Tim Krebs, Aza Power’s chief financial officer, serves on the boards of other ammonia startups and comes from an oil and gas background. After lithium-ion and hydrogen, ammonia will become “the next complement for decarbonizing the world and as a way to move hydrogen around the planet,” Krebs said.

He lists off the potential market: Offroad tractors, mining equipment, bulldozers, locomotives, mining equipment, tractors, backhoes and maritime fleets, especially ferries and tugboats. These kinds of engines can be converted to burn ammonia without great expense, he said.

A variety of market reports are available on the growth of green ammonia and green transportation. ChemAnalyst, which studies industries involved in chemical commodities, suggests in a report that ammonia fuel demand will grow more than 14% annually for use in transportation, power generation and industrial feedstock.

Mike Reese, renewable energy director at the outreach center, believes ammonia could be one of the solutions for fueling machinery and storing energy. Ammonia “is well understood and financeable” compared to other competing technologies such as fuel cells, he said.

Reese said the cost of ammonia needs to decline to be competitive, but it may still cost less than lithium-ion battery technologies.

“Batteries have proven to be very expensive at scale and less is known about the performance,” he said. “I think it’s reasonable to move towards power generation using ammonia in internal combustion engines.”

The size of the entire market remains hard to gauge but Kane provides a glimpse of the generator marketplace. In working with Grid Catalyst, Aza Power has been developing technology to replace diesel in electric generators. That market alone is a “$35 billion to $40 billion globally,” Kane said.

Pollution risks

Kane said Aza Power and other startups still need green ammonia from renewable energy to grow significantly from its tiny market share. Even green ammonia, though, creates some emissions. When burned to produce energy, green ammonia can emit nitrogen oxides (NOX) and nitrous oxides (N2O), which have a “global warming potential” 300 times greater than carbon emissions. Improved combustion technologies could help reduce emissions dramatically, he said.

Kane said Aza Power meets NOX emissions set by the EPA for by using mature catalytic formulations. The N20 emissions occur in any fuel combustion but Aza Power’s conversion technology reduced greenhouse gas emissions, including N20, by 80% to 90% over diesel engines, he said. He’s “confident” the number will rise to 98% next year.

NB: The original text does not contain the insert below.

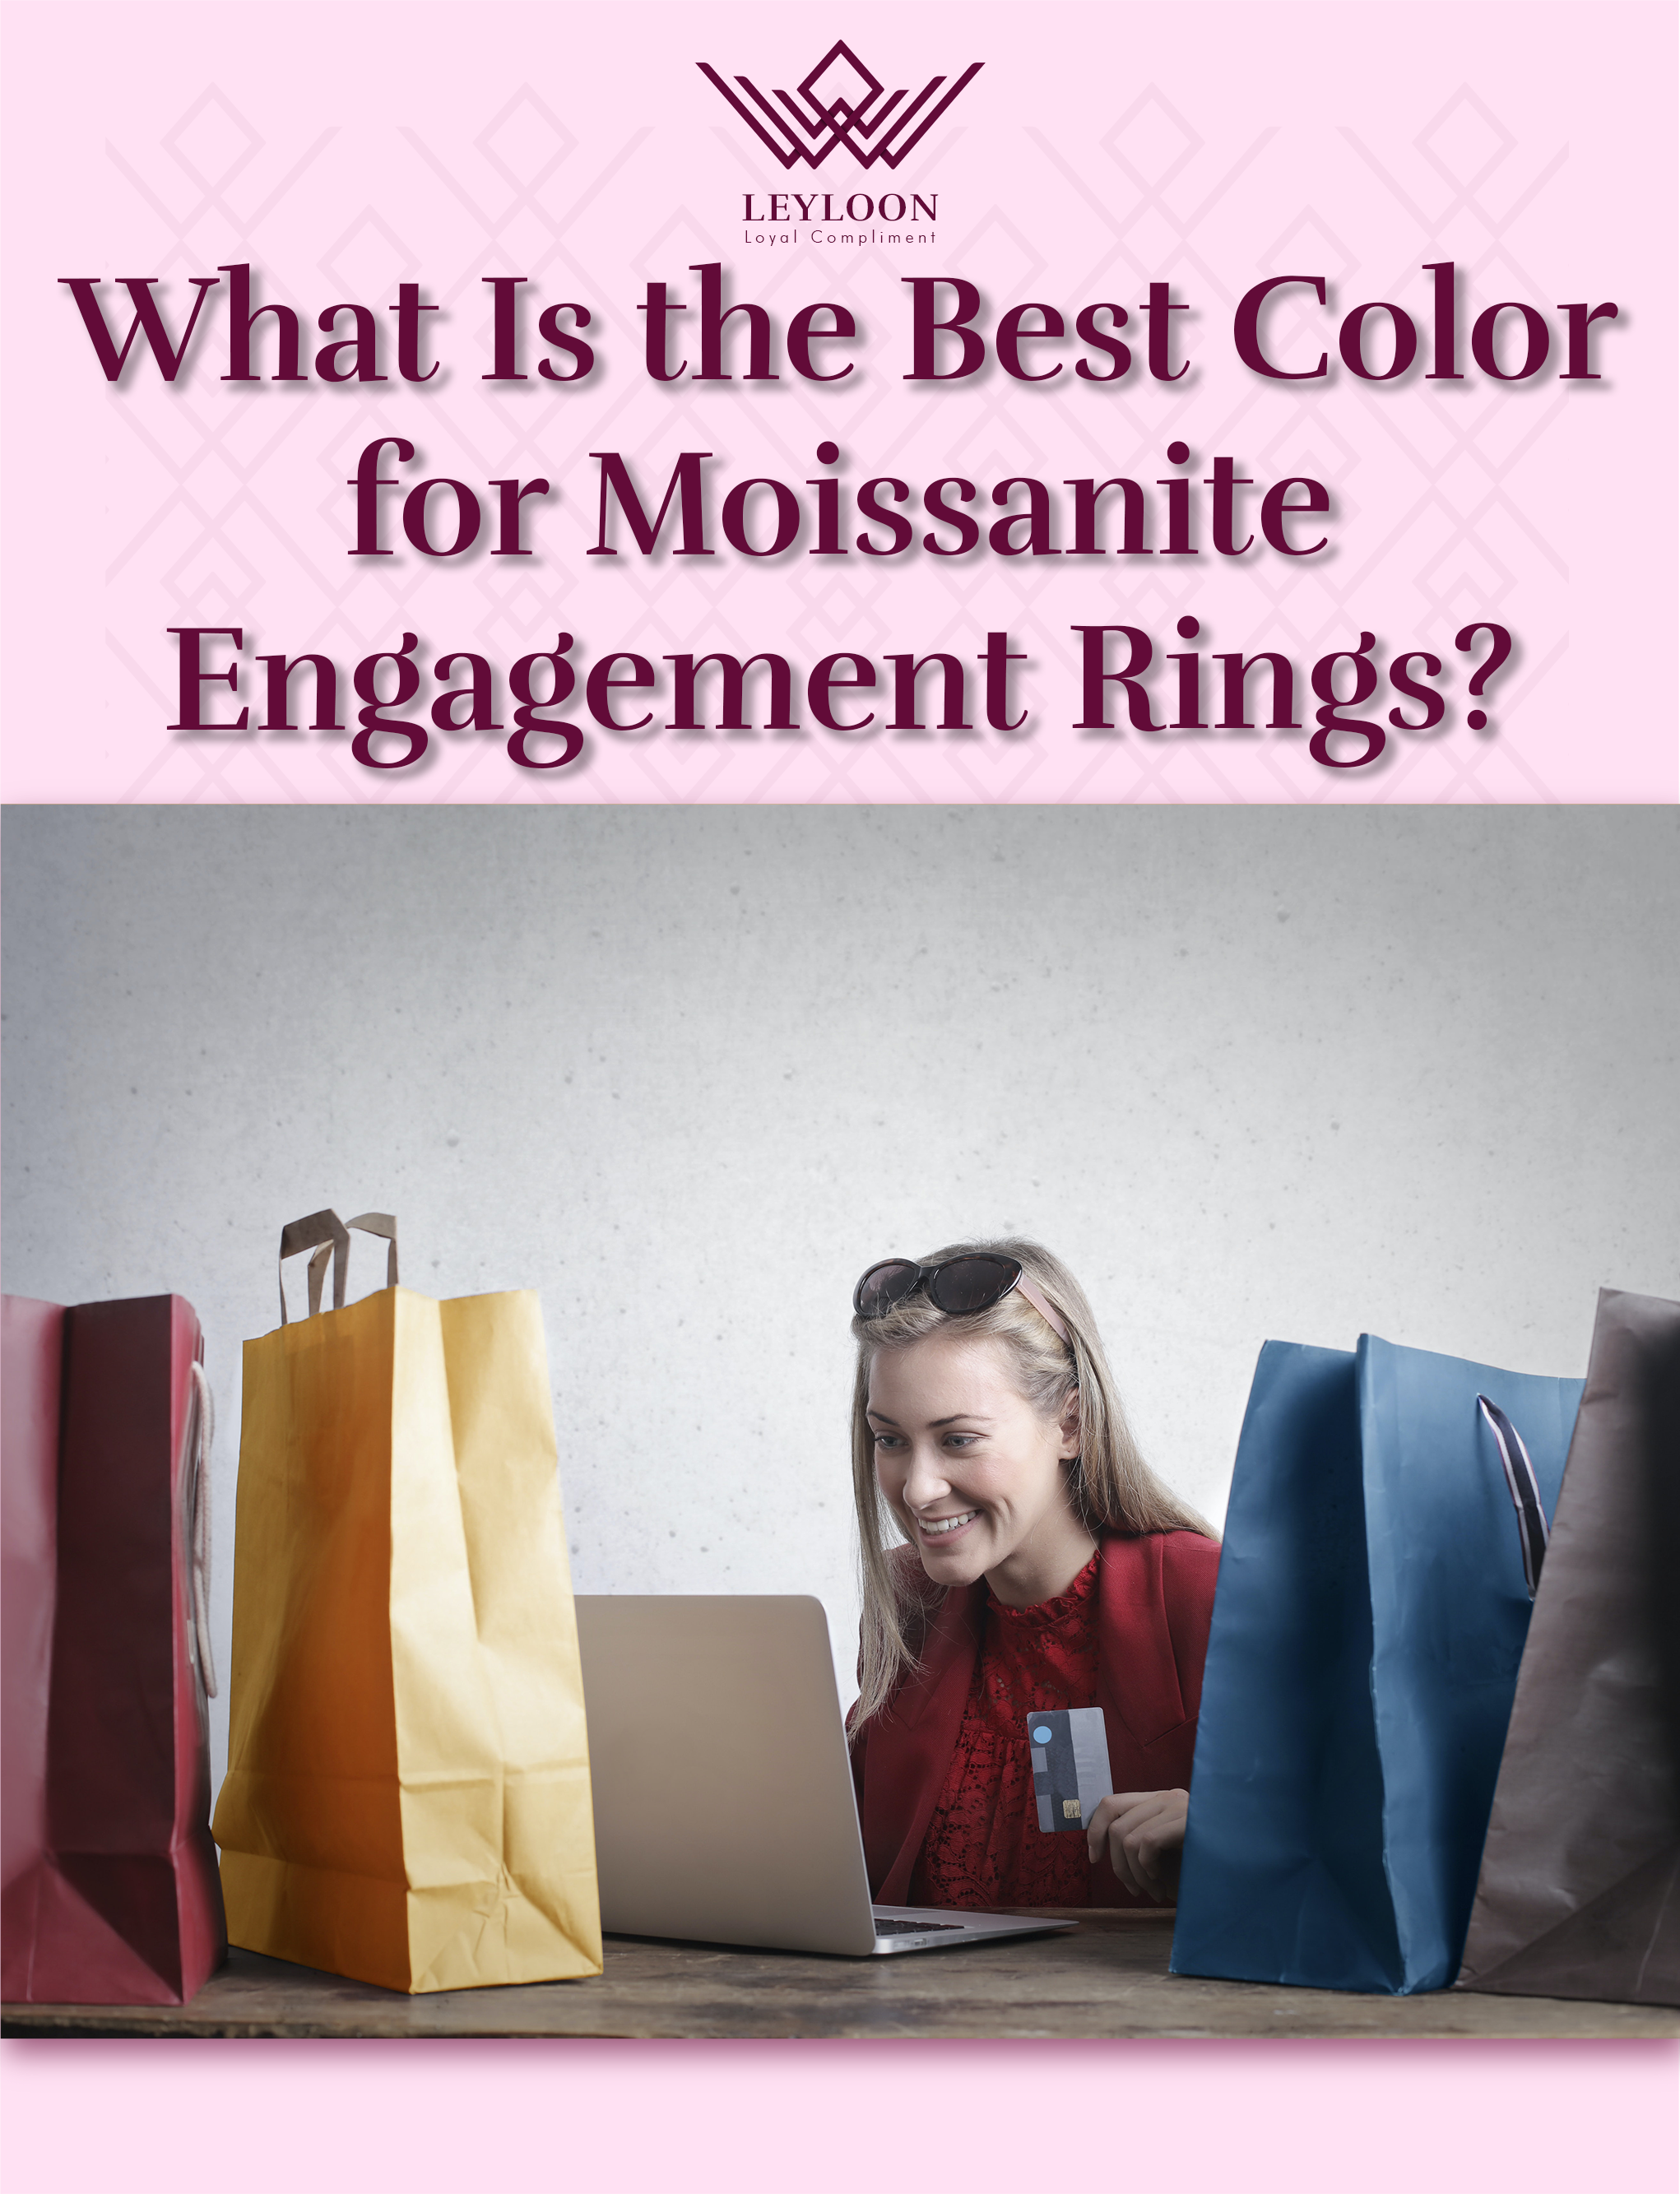 What Is the Best Color for Moissanite Engagement Rings?

Trevor Brown, executive director of the 262-member Ammonia Energy Association, said Aza Power is exploring a potentially lucrative market of industries that will need to decarbonize vehicles and engines. Achieving net-zero emissions will require a portfolio of technologies and ammonia’s global reach and transportability make it a potential solution, he argued. The industry needs policy support to compete with fossil fuels, though.

“There’s no cheaper solution than fossil fuels,” Brown conceded.

Aza Power’s main U.S. competitor is Amogy, a startup with nearly $200 million in venture capital primarily from Amazon’s Climate Pledge Fund. Amogy combines ammonia with fuel cell technology for decarbonizing the transportation sector and has developed an ammonia-powered tractor.

After the Grid Catalyst engagement ends, Aza Power wants to raise seed capital for an 18 month development time to scale their generation technology to bigger engines. It is eyeing other markets, namely locomotives running on diesel, and has a partner with expertise in converting trains to run on alternative fuels.

Kane also sees the mining industry, an important player in Minnesota, as another market.

“Those applications in mining that use big engines where we’re looking at scaling up our conversion technologies,” he said.